** Problem **
For this exercise, output exactly and only the lines running from the one with "Scolopendra gigantea insect" through the final line of the data below, without pictures.

** Given data **
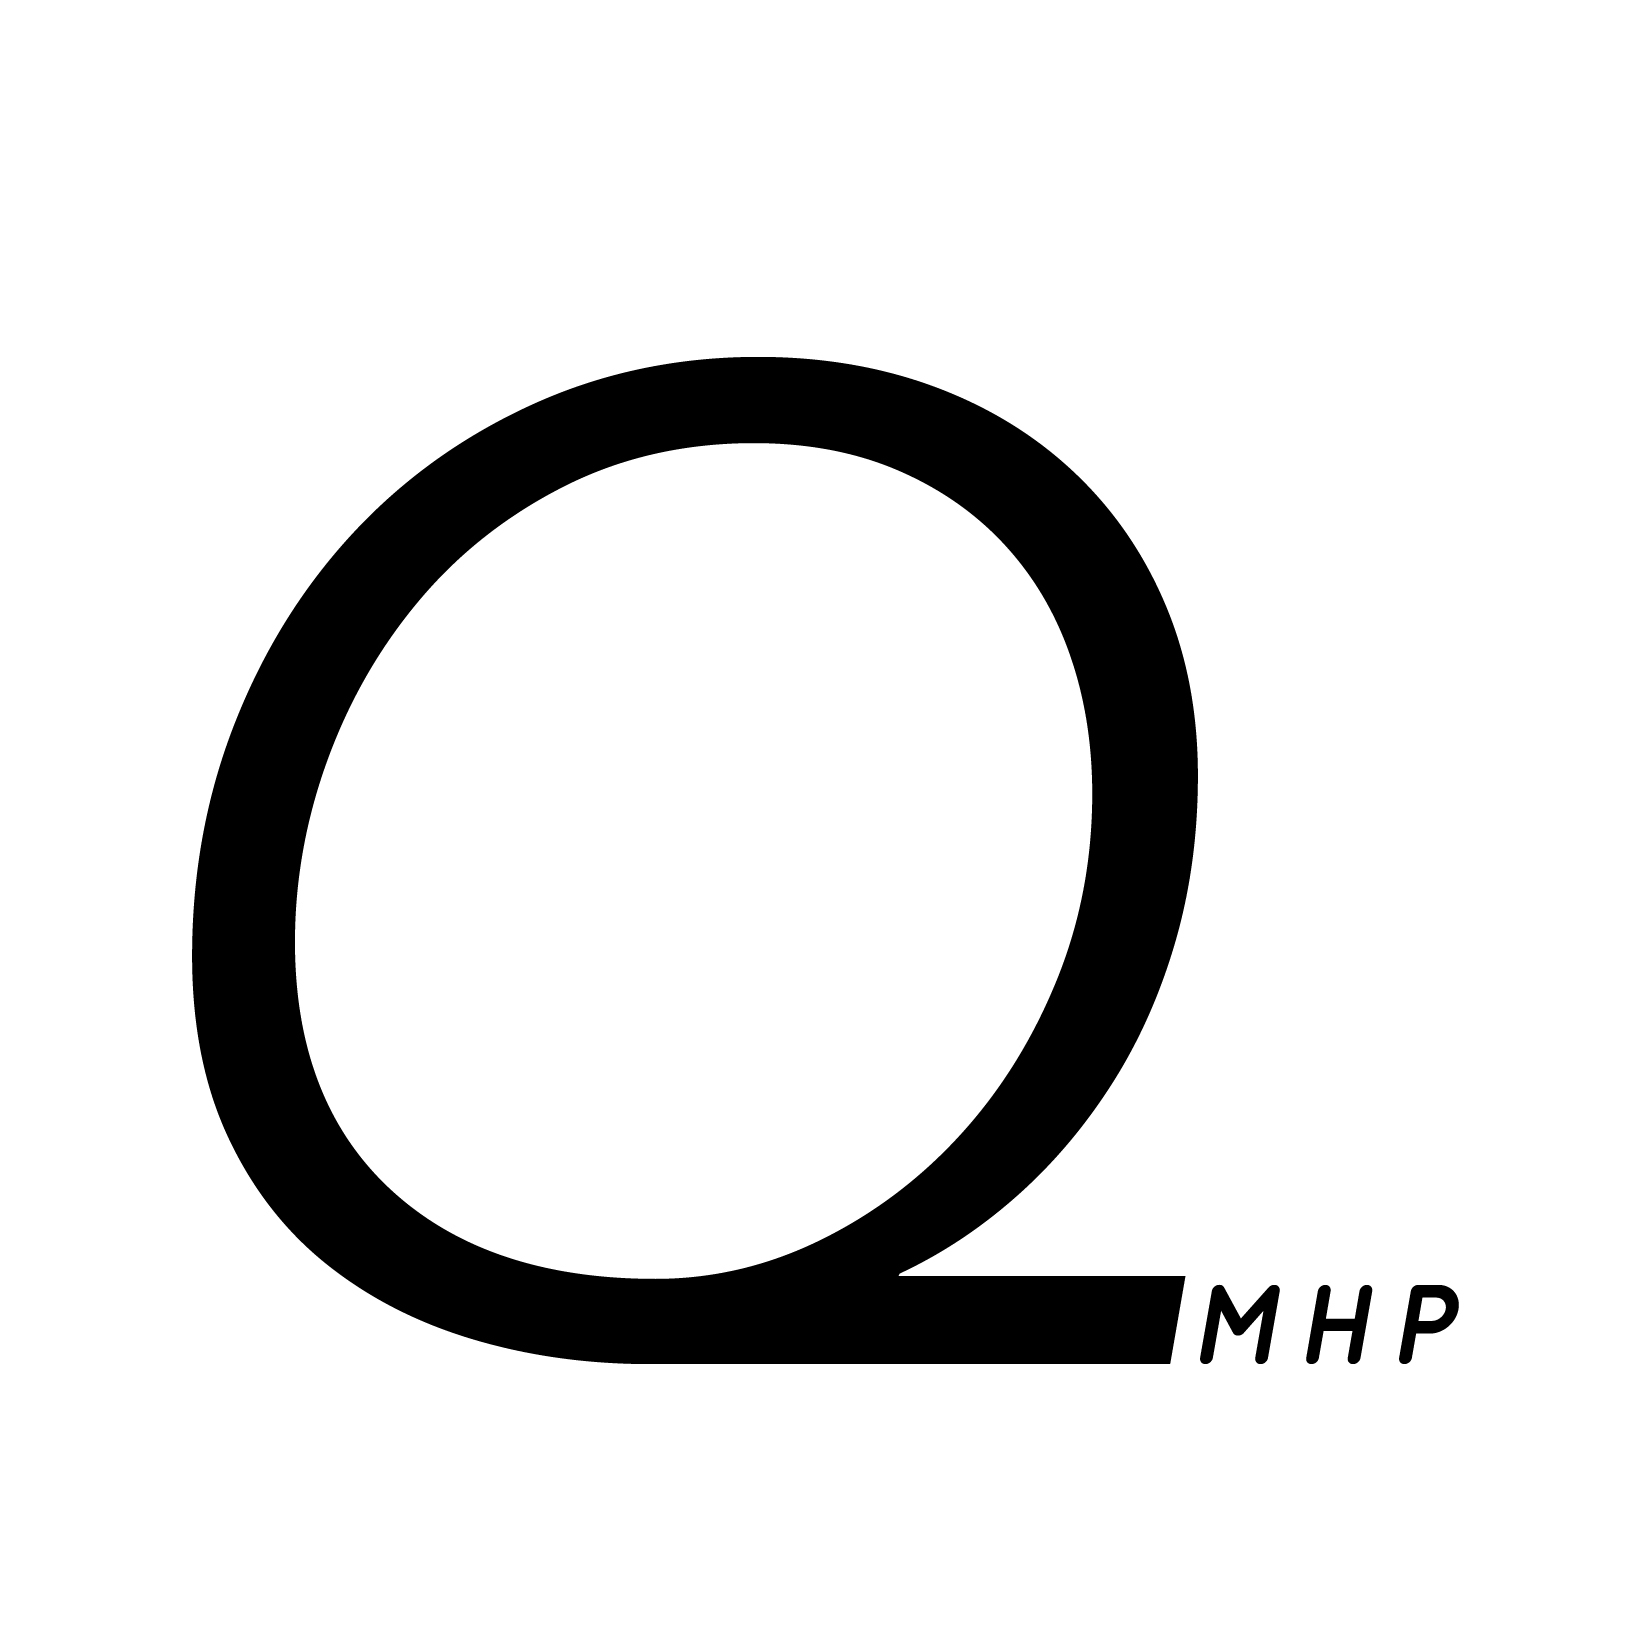 mhpq logo.jpg
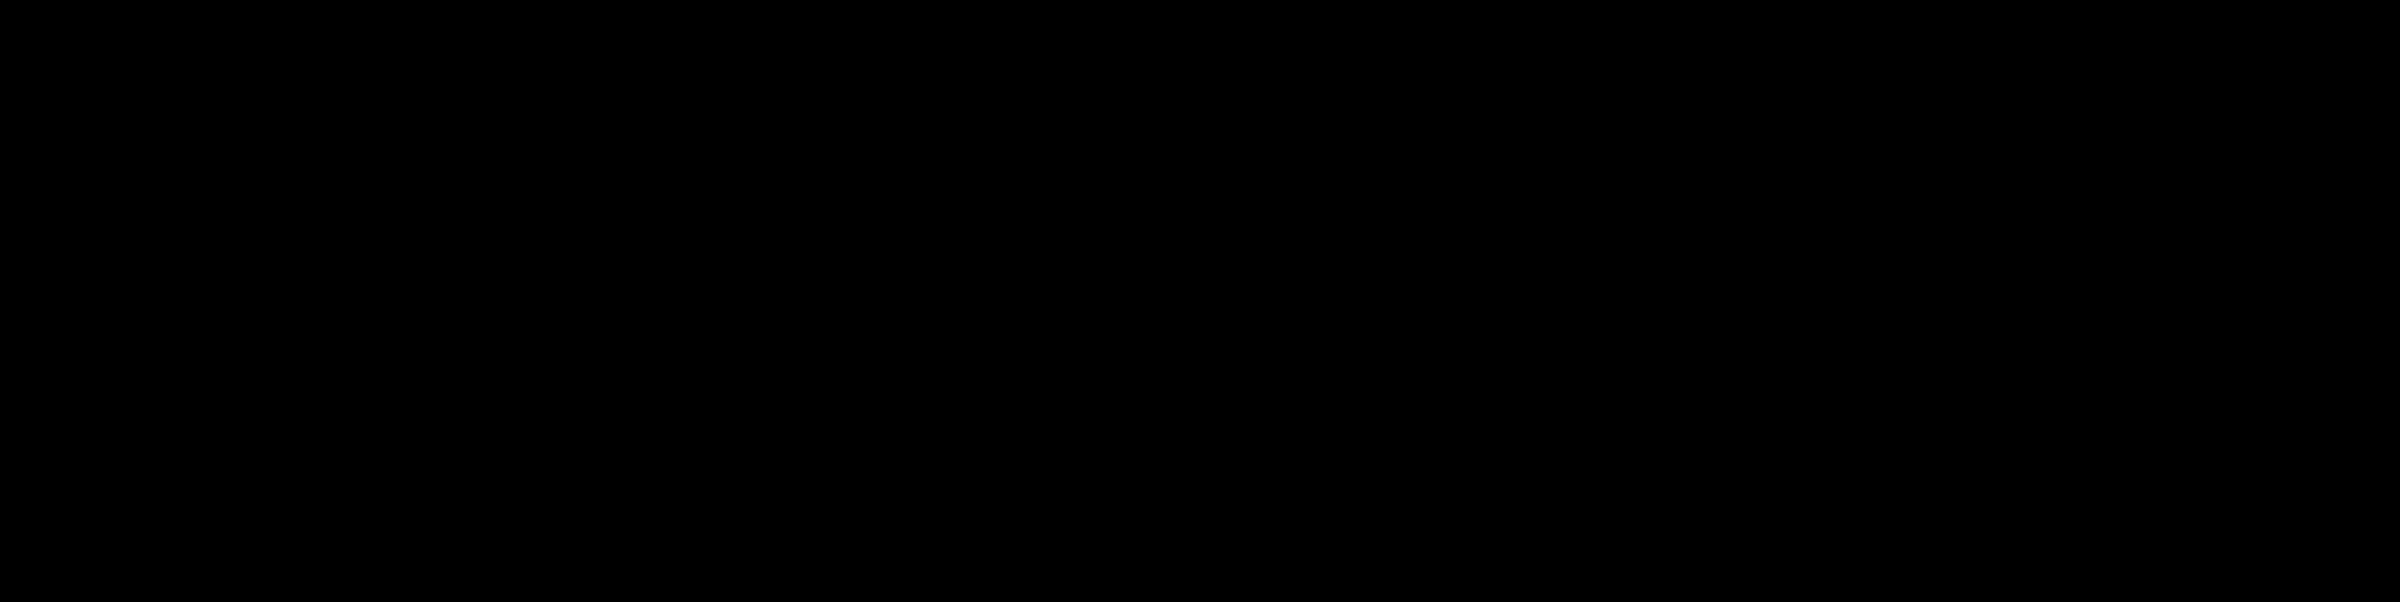 Scolopendra gigantea insect centipedes. Worm clipart centipede
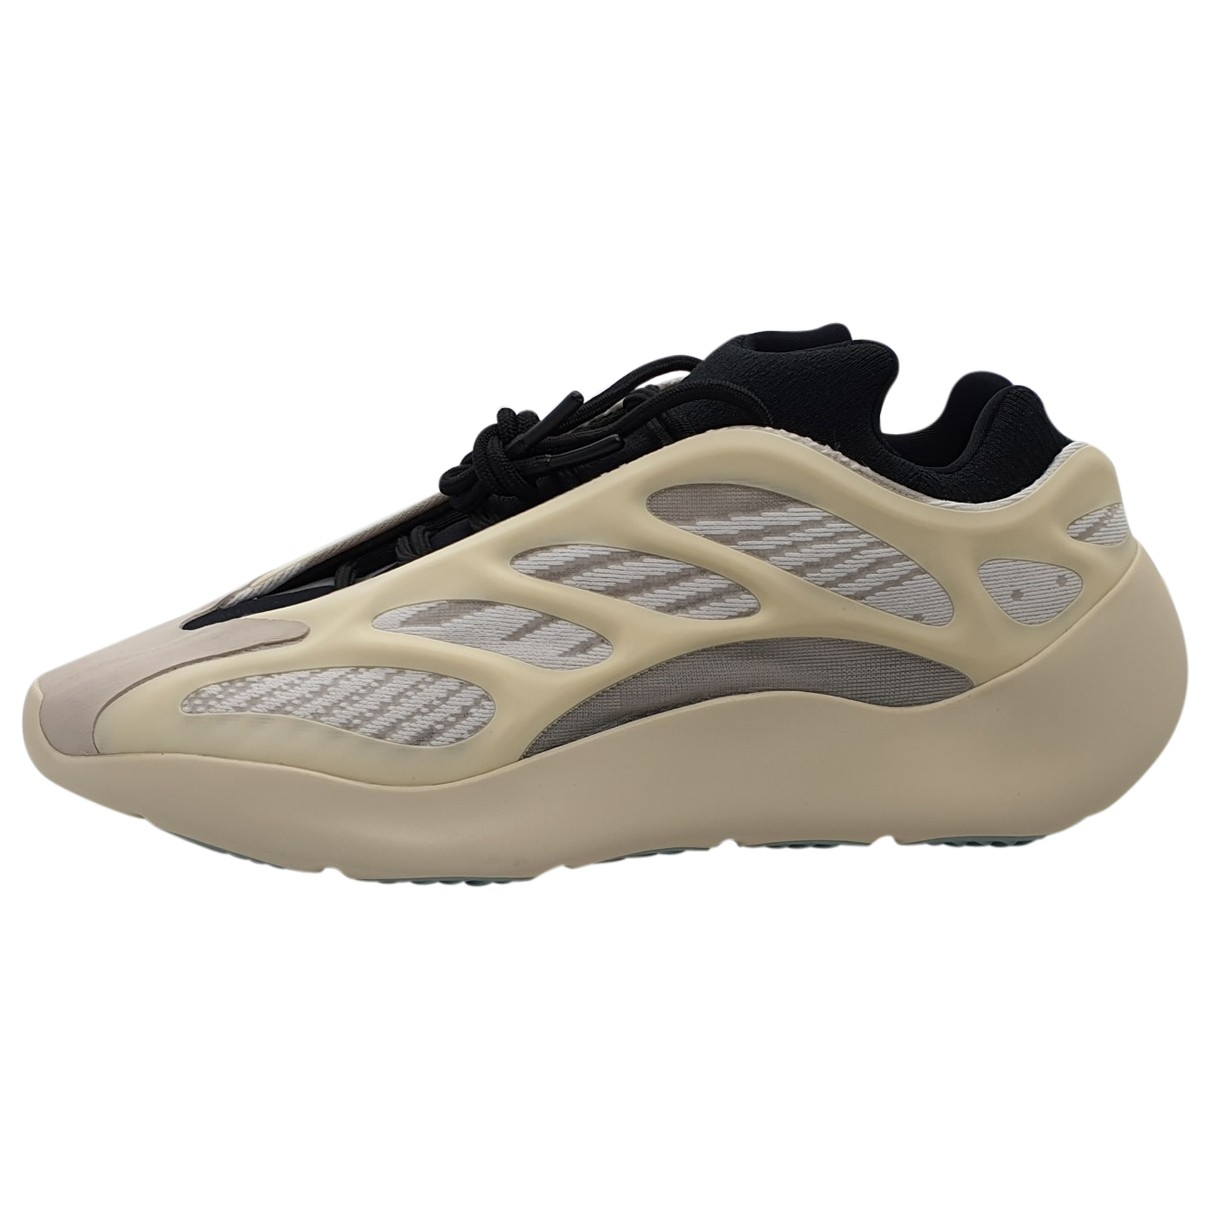 Deportivas Boost 700 V3 Yeezy X Adidas

** Task answer **
 Scolopendra gigantea insect centipedes. Worm clipart centipede
 Deportivas Boost 700 V3 Yeezy X Adidas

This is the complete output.